Man who helped recruit players into a sprawling NCAA basketball point-shaving scheme pleads guilty
Smith admitted recruiting players to underperform in over 29 NCAA games, involving 39 players and 17 teams, defrauding sportsbooks with millions in wagers, prosecutors said.
- On Mar 9, 2026, Jalen Smith, 30-year-old Charlotte resident, pleaded guilty in federal court in Philadelphia to wire fraud, bribery and illegal possession of a firearm, becoming the first of 26 defendants in the scheme.
- Prosecutors say the scheme started when fixers recruited players to underperform during the 2023-2024 and 2024-2025 NCAA men's basketball seasons after two games in the Chinese Basketball Association, 2023.
- Records show the scheme involved more than 39 players on more than 17 NCAA Division I men's basketball teams, with payments typically $10,000 to $30,000 per game and the $32,000 delivery in Louisiana.

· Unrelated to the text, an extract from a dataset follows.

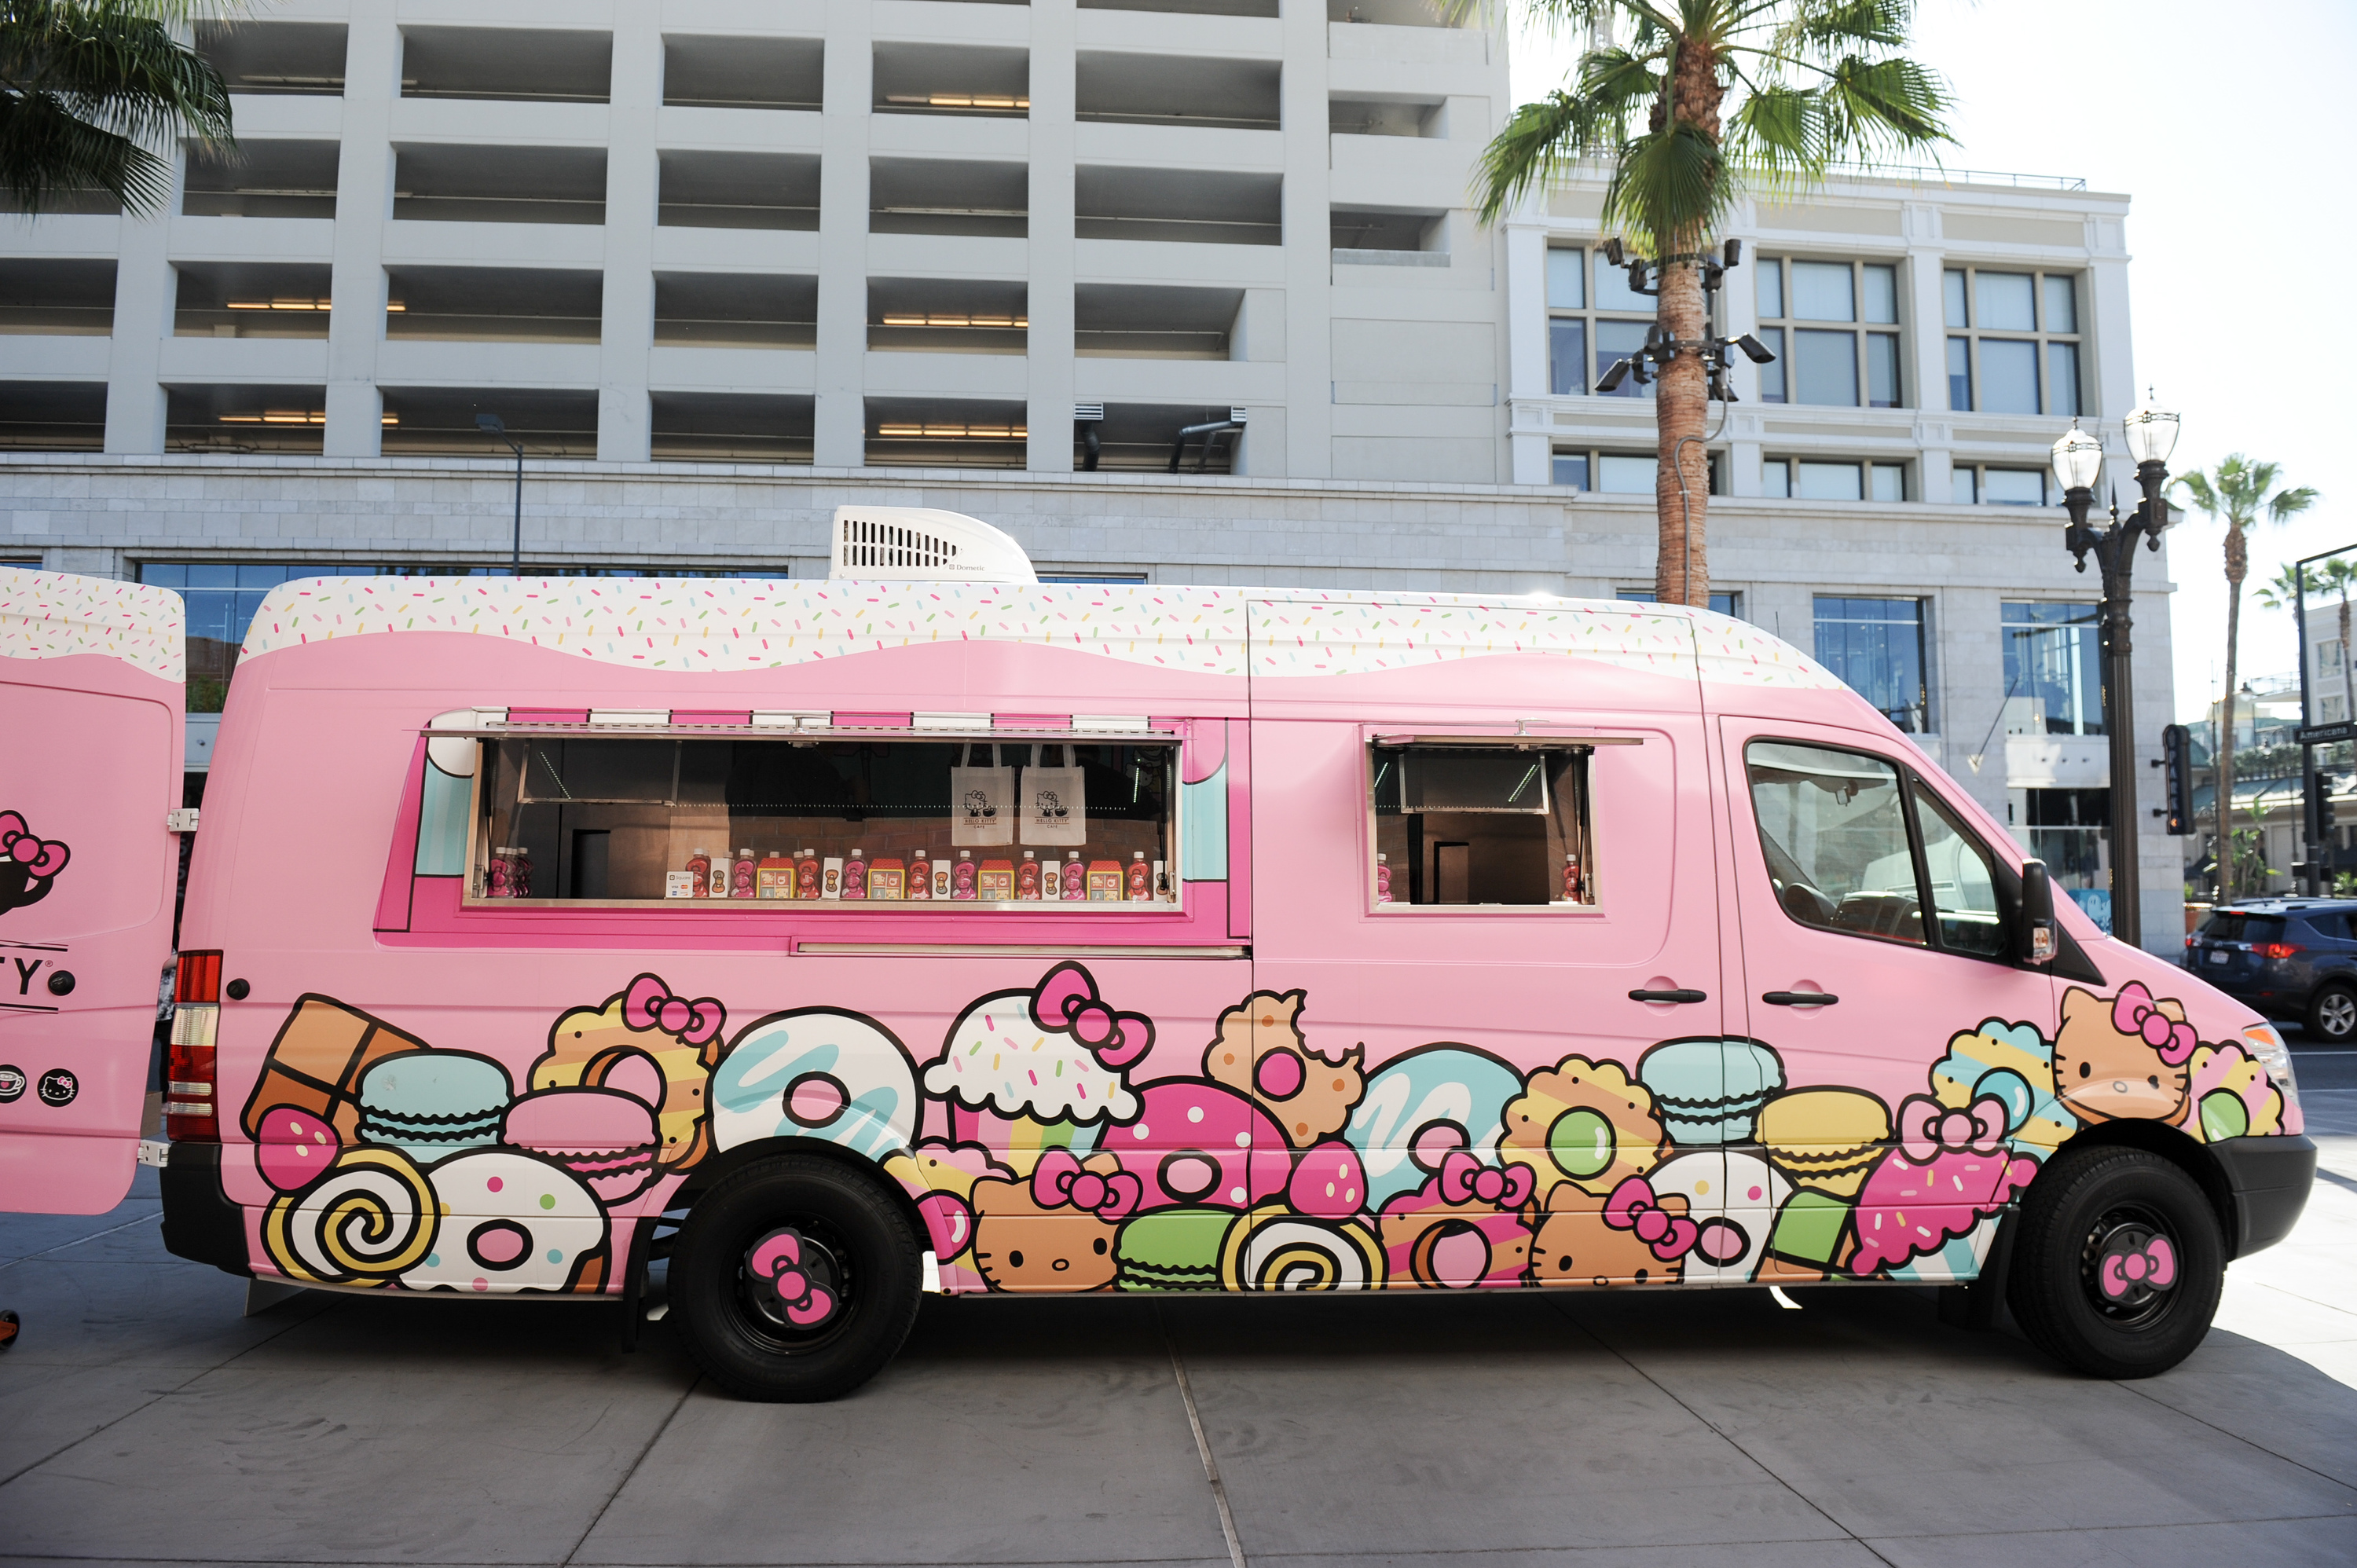 Hello Kitty Cafe Truck comes to town
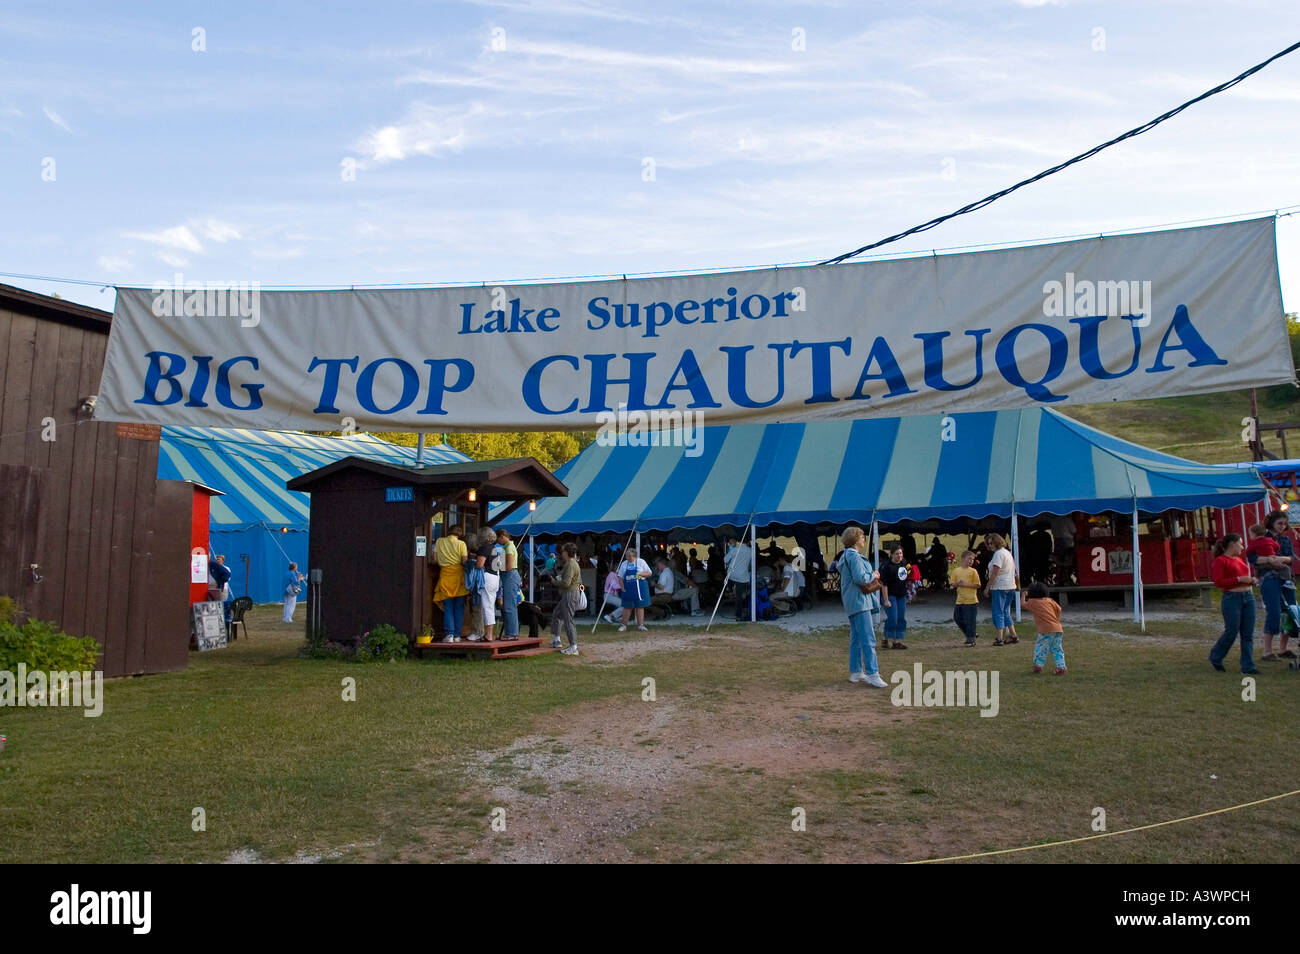 The Big Top Chautauqua tents and grounds near Bayfield Wisconsin Stock

- When the indictment was unsealed in January it named 17 former college basketball players and four active players, and prosecutors say fixers bet against teams defrauding sportsbooks and other bettors; bribery, wire fraud and firearms charges carry up to 5, 20, and 20 years respectively.
- A week before March Madness, the plea highlights risks amid billions wagered legally and illegally during the tournament, marking the latest scandal since the 2018 U.S. Supreme Court decision on sports betting.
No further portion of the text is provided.